Though known in France, "It was Expressen employee Svante Löfgren who discovered (for Sweden) the then 20-year-old painter in Paris, a young genius, a self-immolating young man who lived to paint." Löfgren had been initially introduced to Sert by the actor Lars Burman. Löfgren, writing for the Expressen in Paris, stated in his 1958 article on Sert, "He can become one of the greats of his generation. If he does not starve to death." In fact, Sert had become "close to starvation. He had written and asked for money, collapsed and was rescued in hospital." Löfgren's report on these events motivated some Swedes to write to Sert in Paris, "promis[ing] him his own studio and cash in exchange for him working together on an exhibition."

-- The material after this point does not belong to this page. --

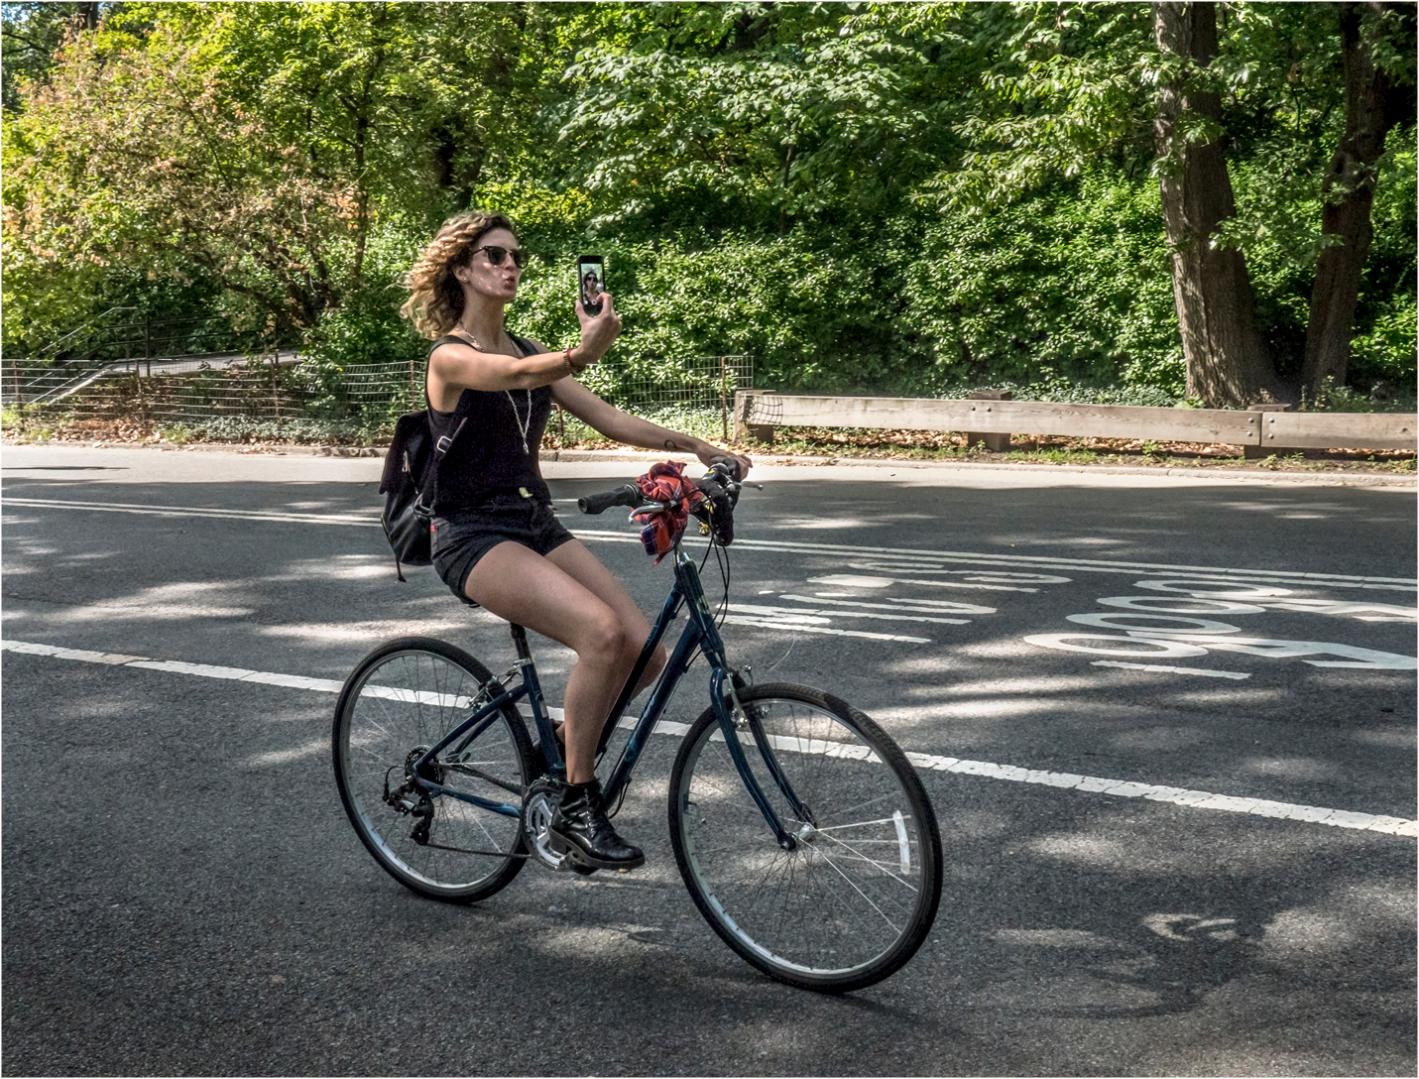 **Selfie-Bike-Rider copy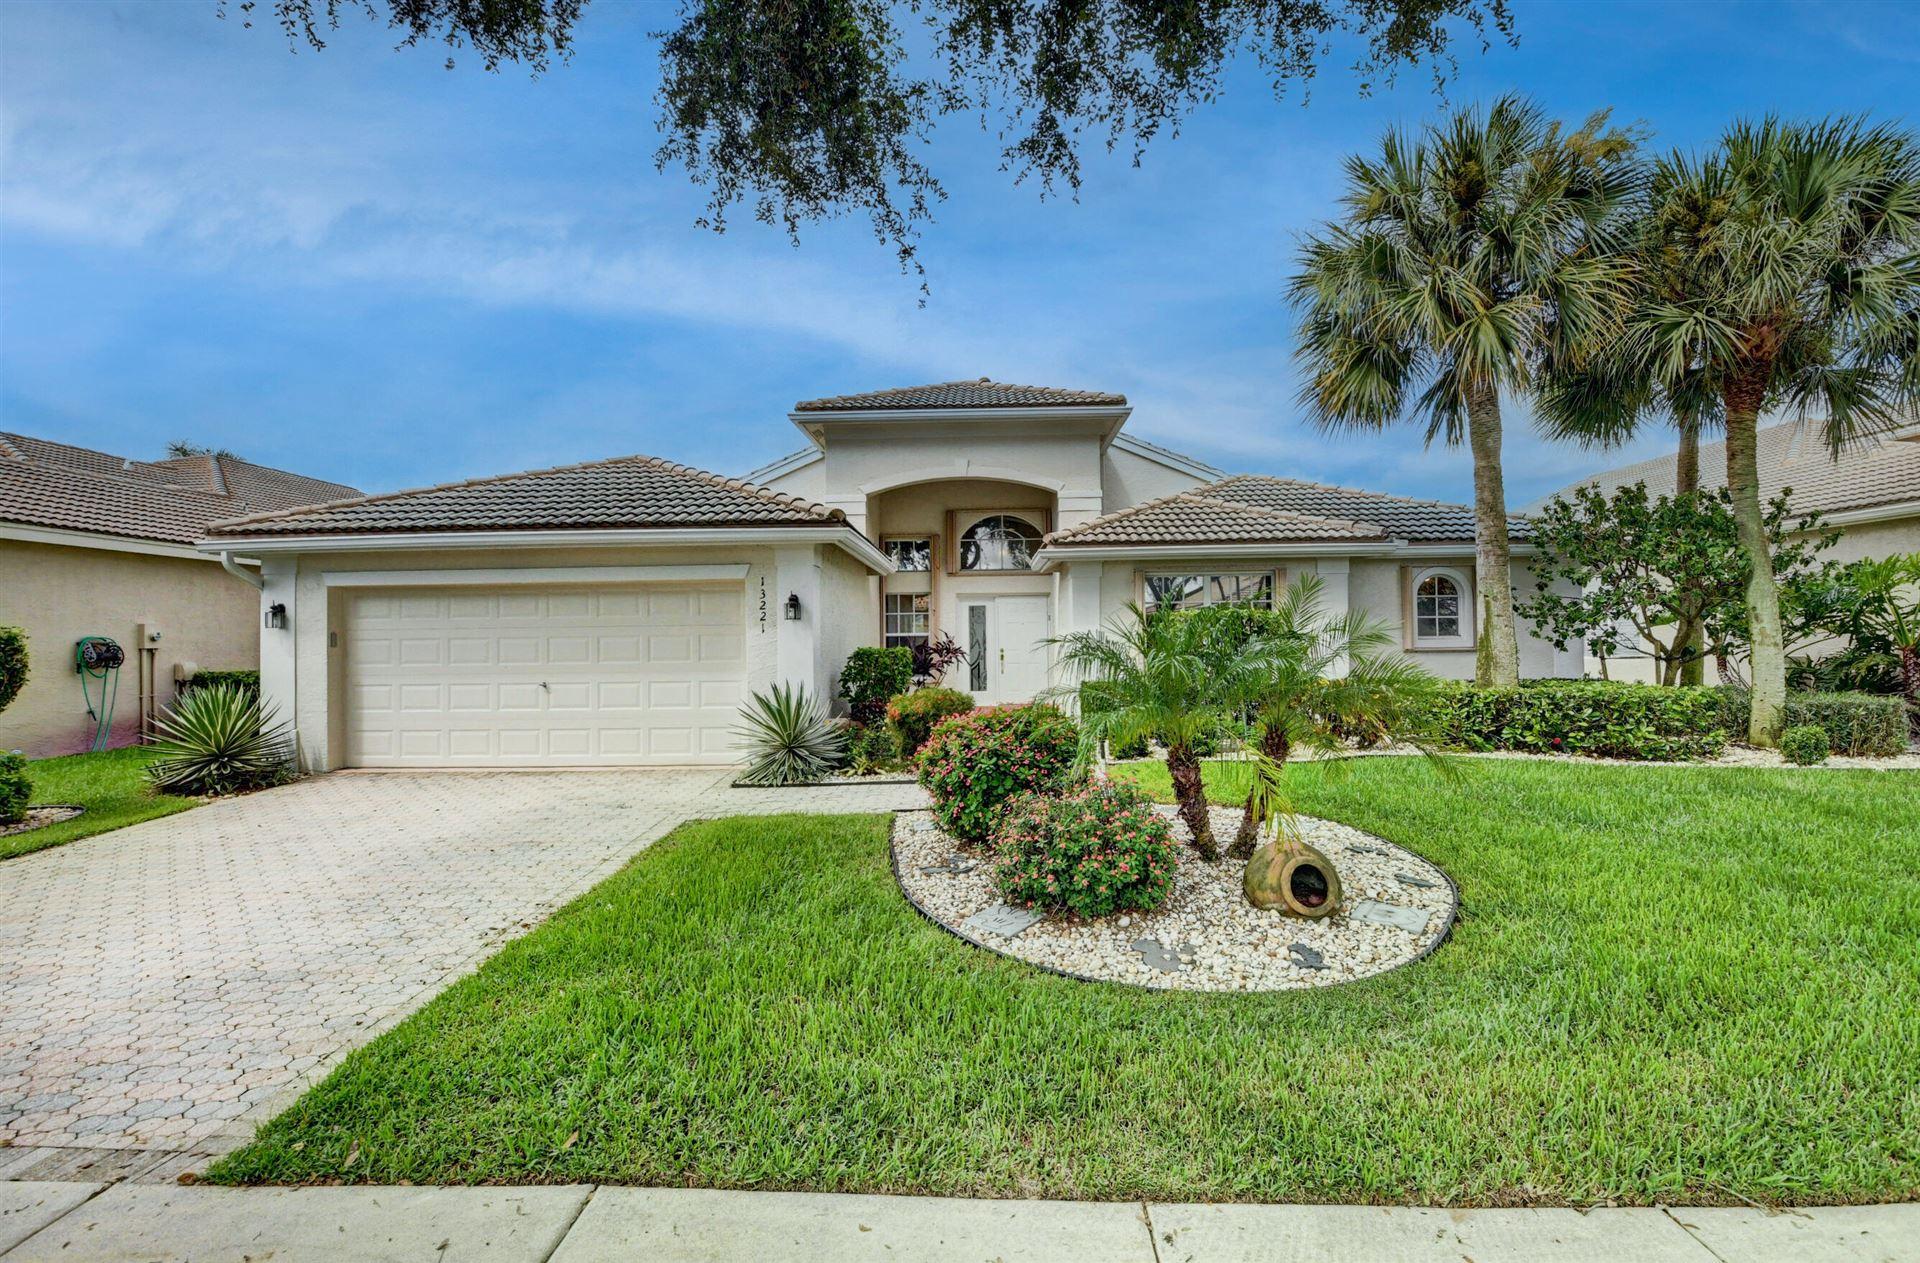 Photo of 13221 Alhambra Lake Circle, Delray Beach, FL 33446 (MLS # RX-10746321)

Sert got help to get to Sweden, and the idea was that he would do a big show. He traveled to Sweden where he had the chance to show his art at different exhibitions in Copenhagen and Oslo. Notable exhibitions included Galleri Danielsson in Borgholm, Galerie Marya in Copenhagen, the Art Association in Oslo and Gallery Danielsson in Borgholm.

He first set up in Ven, "where he borrowed a studio in Emil Johansson-Thor's old farm." However, before his exhibition shows could be arranged and presented problems developed. Sert having little money had begun to exchange his paintings for necessities. "...He did not have enough paintings (for his exhibition), he had exchanged them for clothes, food and new colors (paints)." Still, the reviews were positive, "His oils shimmer like mother-of-pearl with myriads of splashes of paint and glazed brushstrokes, sometimes fine-tuned to the smallest detail with plump dot patterns", wrote Alvar Jonsson. "French sensation in the Art Association" wrote a Danish newspaper after the exhibition 1959 Copenhagen. Still, Sert was beginning to develop a problematic reputation. He was "described by contemporaries as a genius, problem child and as unreliable as the wind.". Throughout the difficulties his dedication to his art remained constant. He did all of his painting at night. He painted intensively and could sit squatting for long periods of time. The canvas lay on the floor; Sert did not use an easel. "The painting just flowed out of him. It was a constant flow – but still creative. He was not a pondering artist; he was a gift of nature with a creative power." Directly stated, the author Ivar Ahlstedt wrote that to Sert "painting was necessary, living was not very necessary".

"During the early 1960s, Lena Eile and Henri Sert met in the confusion during the student carnival in Lund. “Henri Sert was a bit of a strange bird,” admits Lena Eile: “a short and well-dressed artist's soul, newly arrived from France.” Eile and Sert would become betrothed. The couple lived together for a time in Lund and continued their relationship when Sert moved to Stockholm. Eventually, personal problems would begin to harm the relationship. As Eile recalled, "I went along with things until then, but when I noticed all the stuff with drugs and everything else, then I gave up. There were constant disappointments; promises that were not kept; periods that weren’t tolerable. Living like that means a home life is difficult."

Sert's personal issues began to also have an effect on his patrons and gallery owners. According to author Lars Widding, the patrons got tired of the young painter who had such a hard time adapting. In recent years he has painted and starved. Others felt it was not Sert who caused the problems with his patrons but rather the "patrons, who were to represent his art, exploited and swindled the artist instead."

On 22 March 1964, Sert was found dead, probably due to an overdose of sleeping pills. "Lena Eile was not in Sweden when Henri Sert died, but she participated in the memorial exhibition organized at Gummeson's Gallery that year." "It was great, but I felt it was hard with these guys there, who pretended to be his patrons, but who took advantage of him." Author Lars Widding wrote, "Young artist genius died in Stockholm. Why could we not afford to let him live? "

Two memorial exhibitions were held in Stockholm in 1964 and in Copenhagen in 1965. In March 2015, an exhibition of Sert's work was held by Åmells in Stockholm.